**DATA:**
※ ※ ※
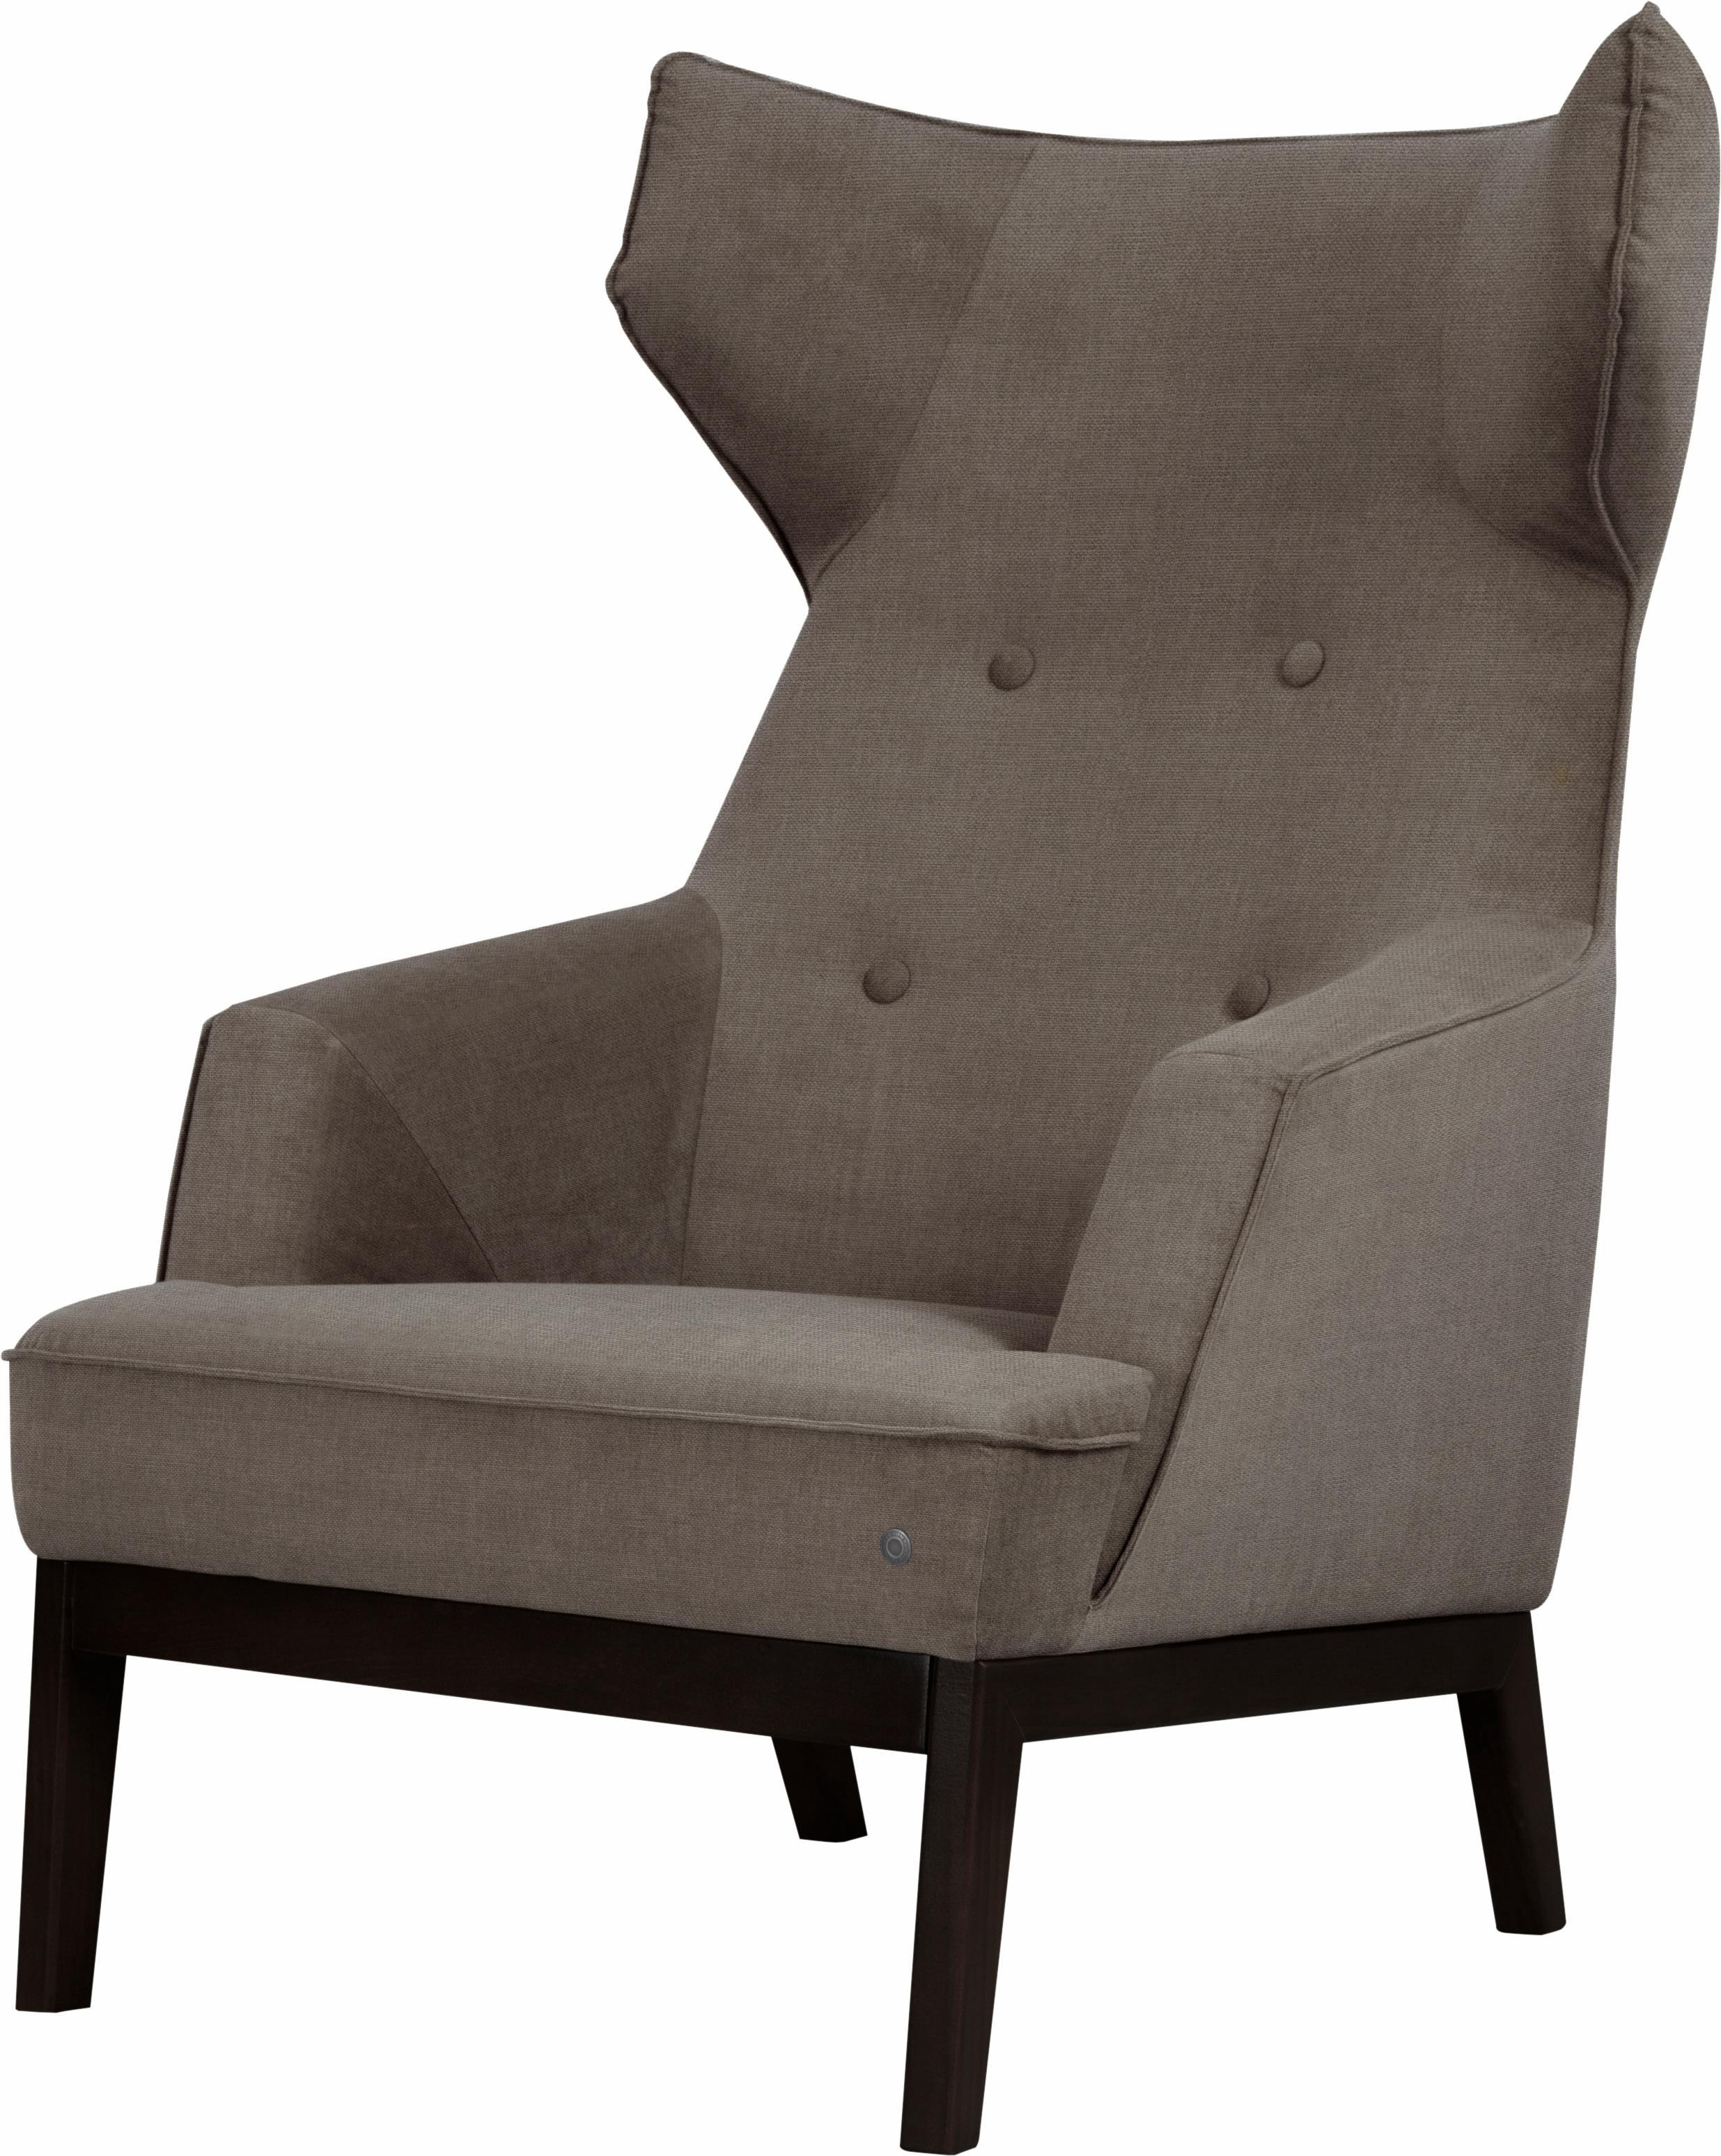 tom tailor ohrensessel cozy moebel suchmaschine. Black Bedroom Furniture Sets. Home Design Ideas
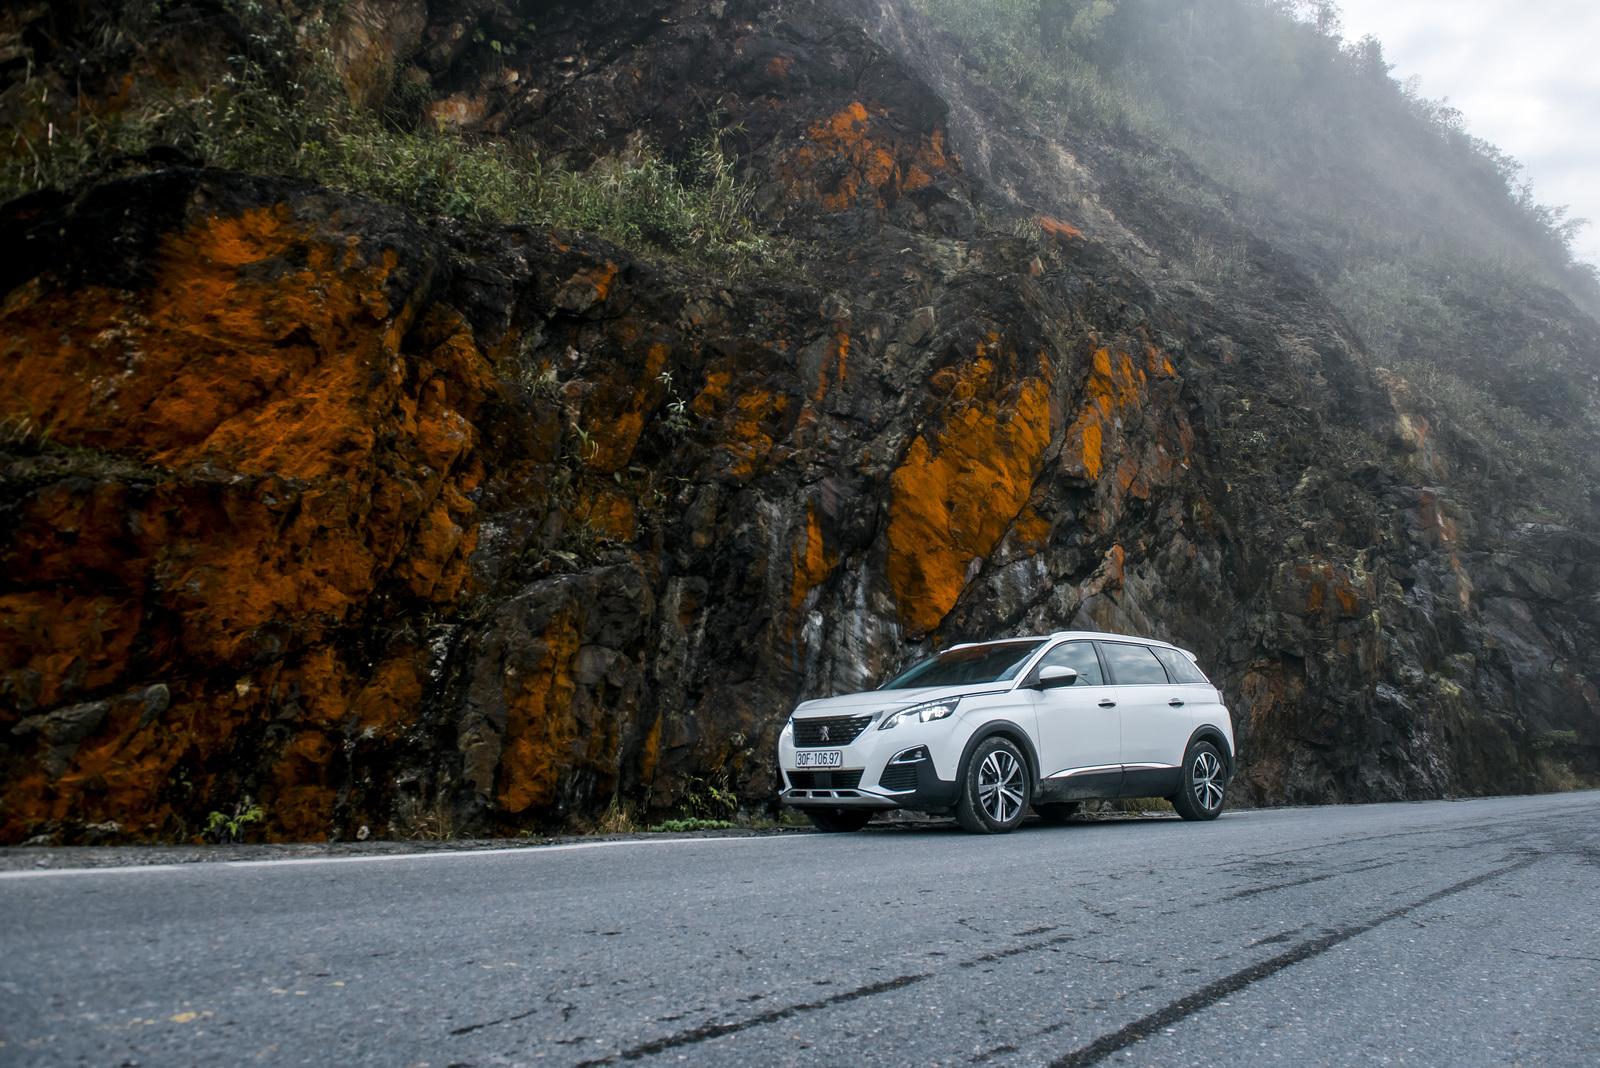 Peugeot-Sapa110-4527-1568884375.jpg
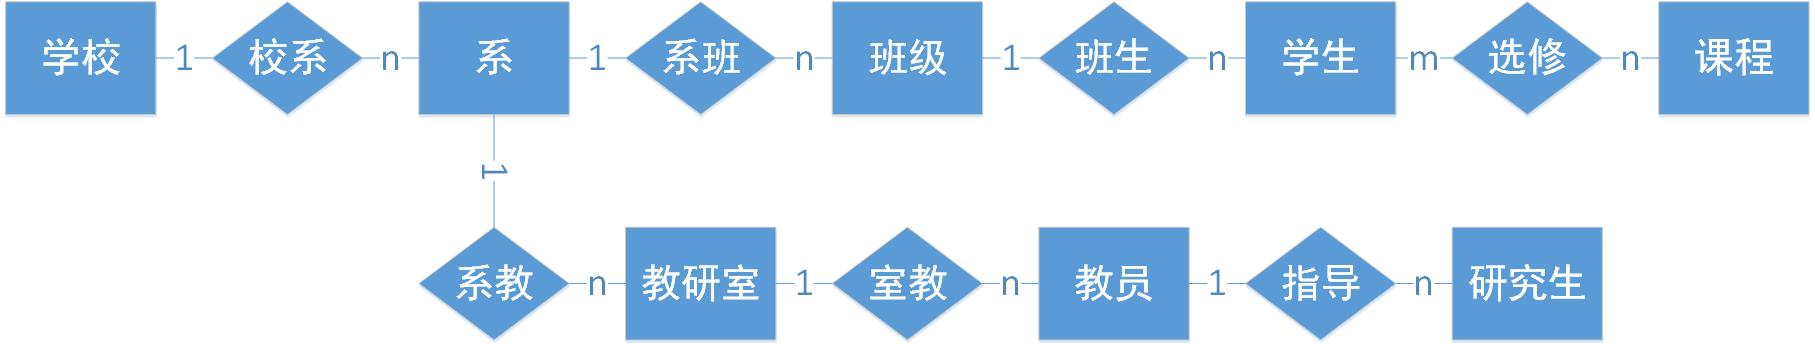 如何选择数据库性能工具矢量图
※ ※ ※
**TASK ITEM:** Every line above is to be given again exactly, apart from the pictures.

**SOLUTION FOR THIS PROBLEM:**
 tom tailor ohrensessel cozy moebel suchmaschine. Black Bedroom Furniture Sets. Home Design Ideas
 Peugeot-Sapa110-4527-1568884375.jpg
 如何选择数据库性能工具矢量图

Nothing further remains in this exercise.